▶ **PROVIDED DATA**
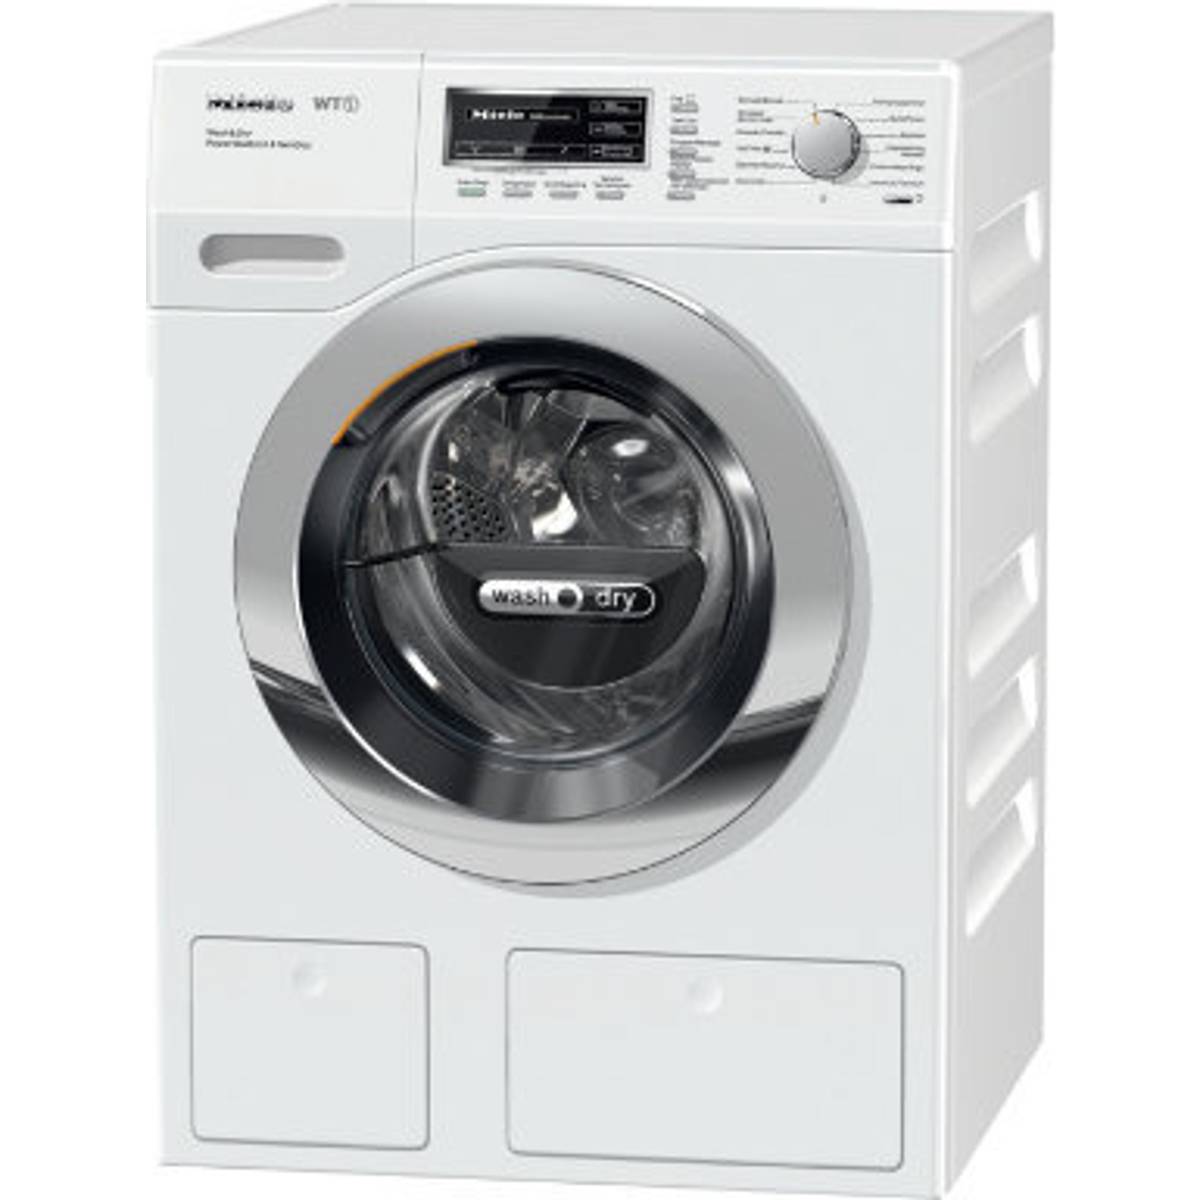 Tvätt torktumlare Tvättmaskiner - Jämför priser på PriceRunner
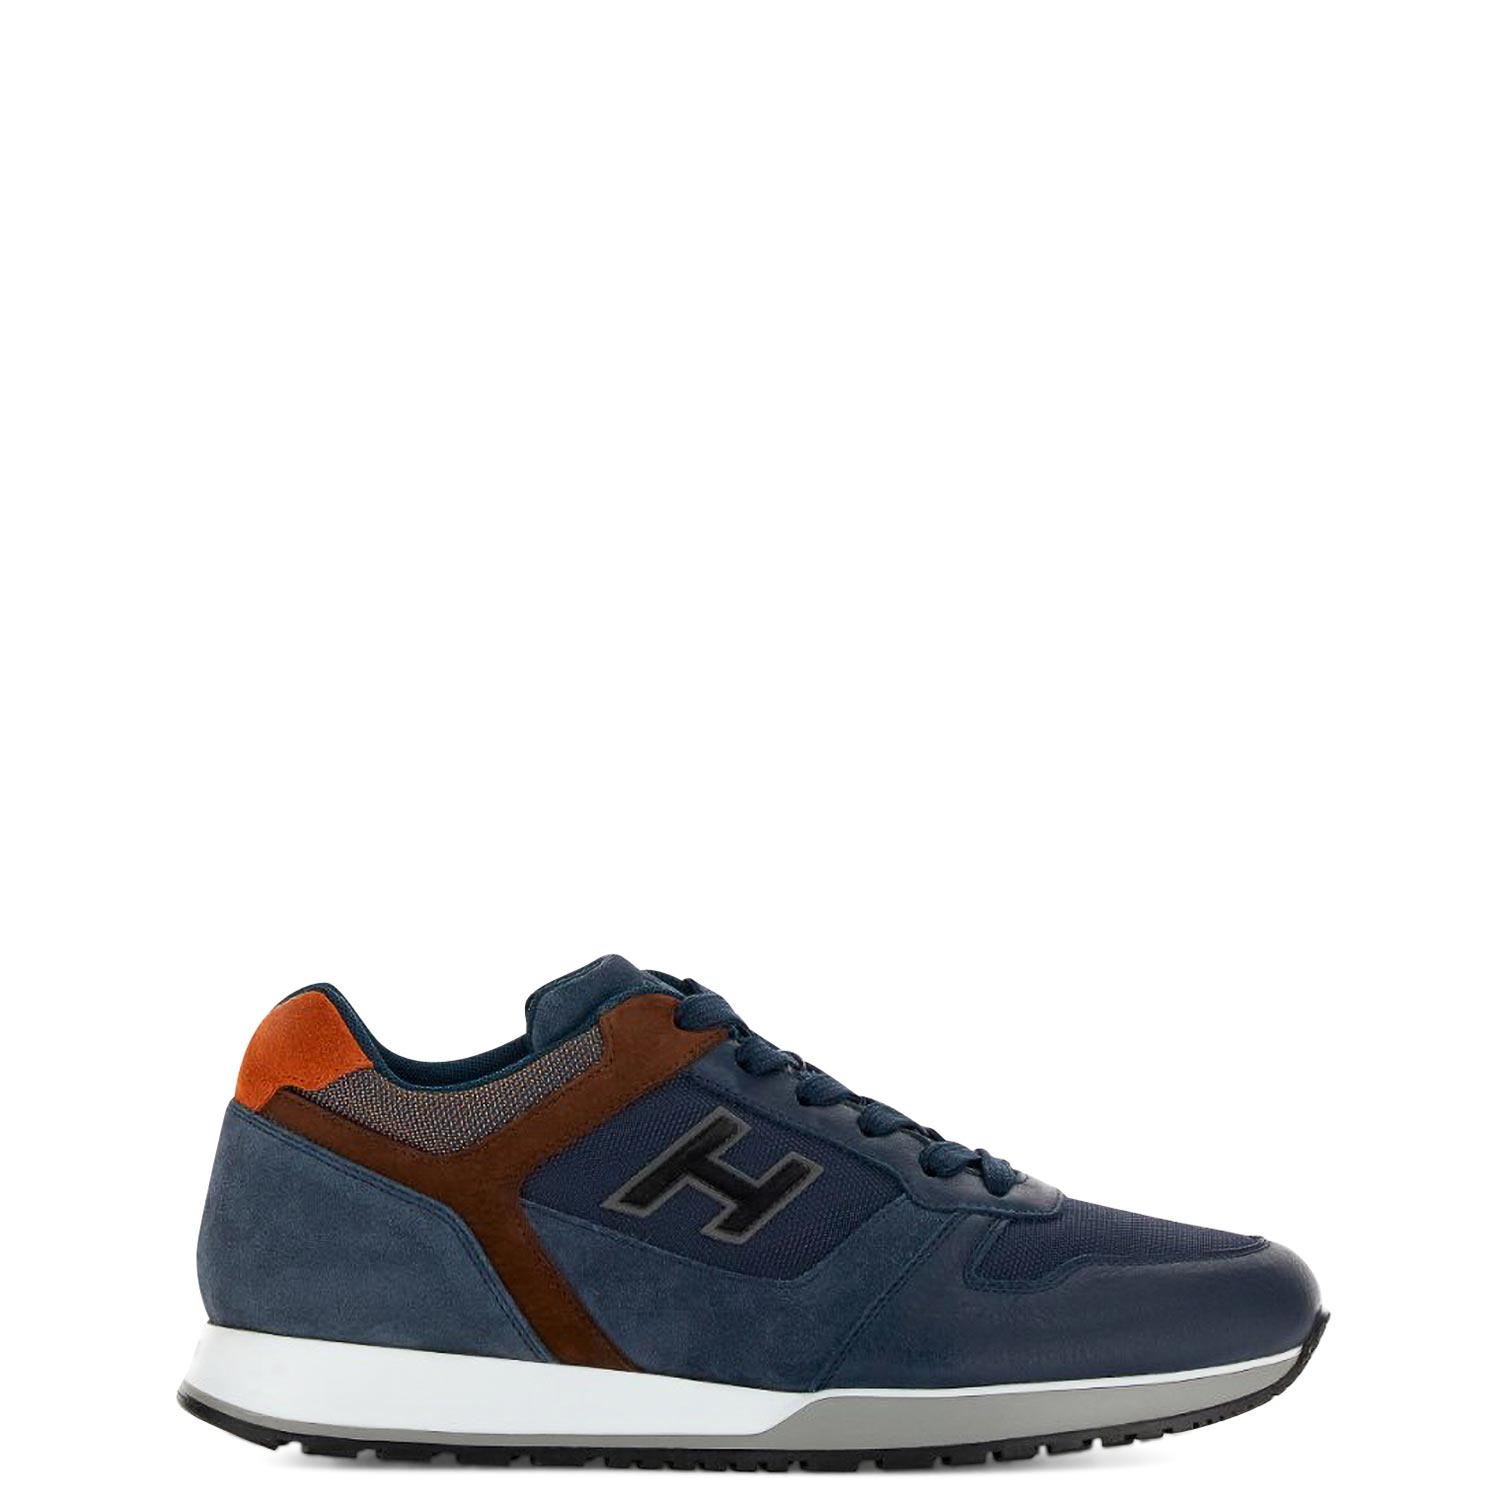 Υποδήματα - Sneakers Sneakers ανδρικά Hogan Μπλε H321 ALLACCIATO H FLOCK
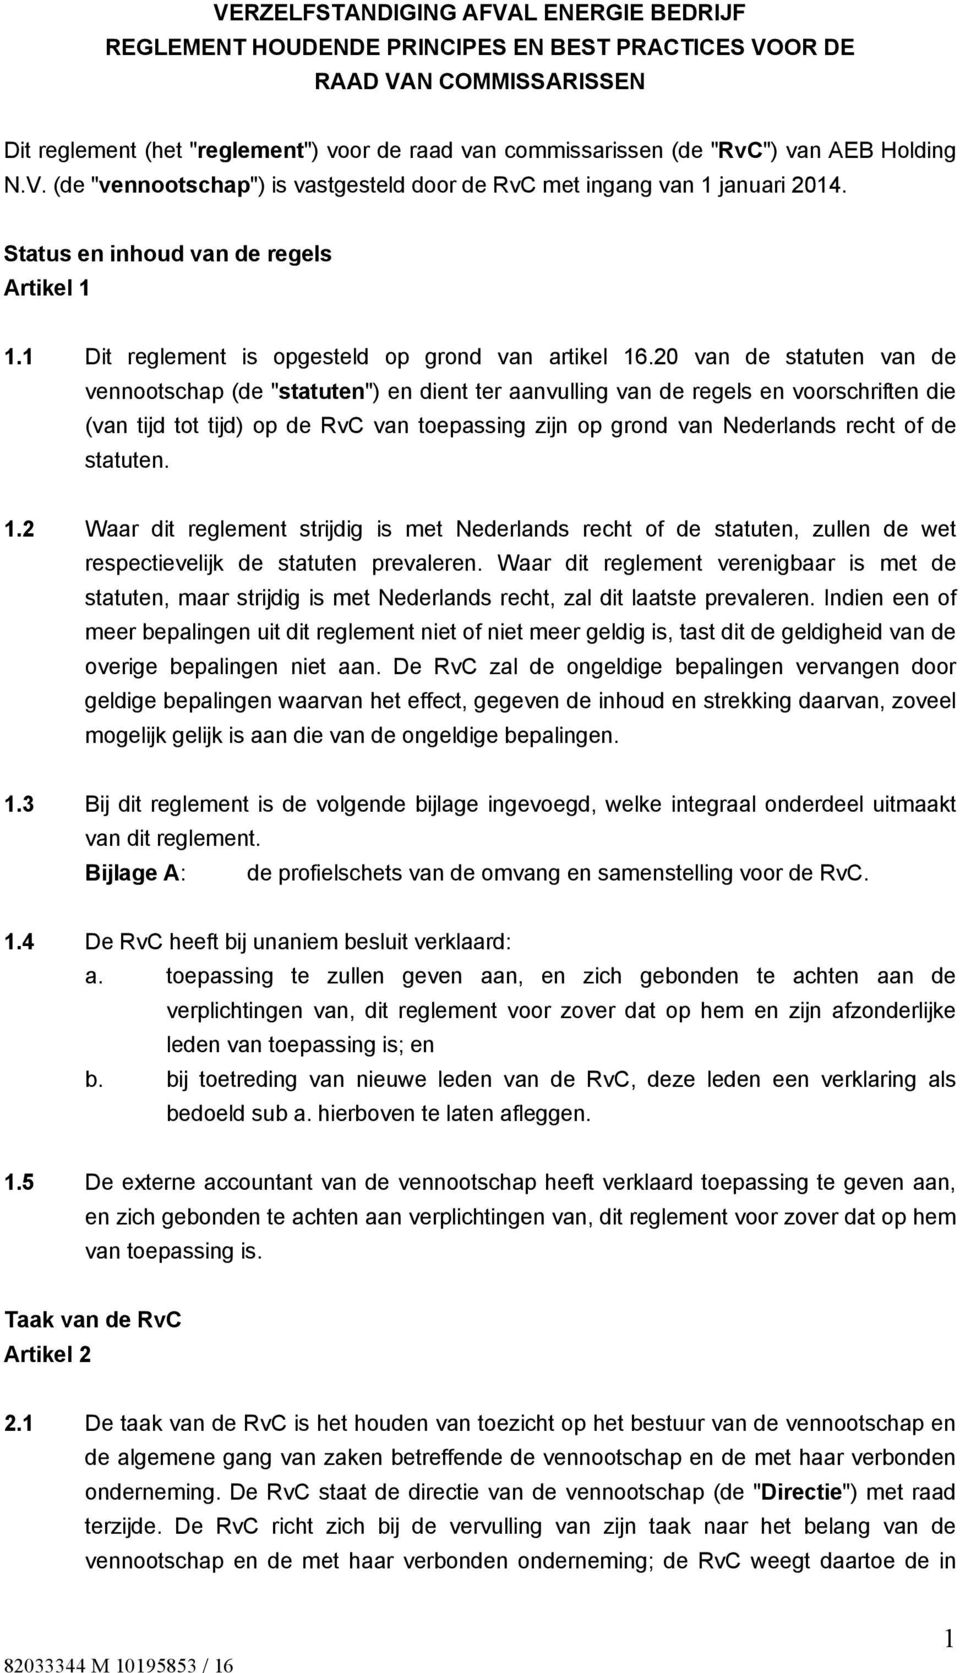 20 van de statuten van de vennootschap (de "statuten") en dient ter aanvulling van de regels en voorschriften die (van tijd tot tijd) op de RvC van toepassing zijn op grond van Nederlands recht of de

▶ **WHAT YOU SHOULD DO**
Omitting the pictures, write out the material above exactly as it stands.

▶ **EXERCISE SOLUTION**
 Tvätt torktumlare Tvättmaskiner - Jämför priser på PriceRunner
 Υποδήματα - Sneakers Sneakers ανδρικά Hogan Μπλε H321 ALLACCIATO H FLOCK
 20 van de statuten van de vennootschap (de "statuten") en dient ter aanvulling van de regels en voorschriften die (van tijd tot tijd) op de RvC van toepassing zijn op grond van Nederlands recht of de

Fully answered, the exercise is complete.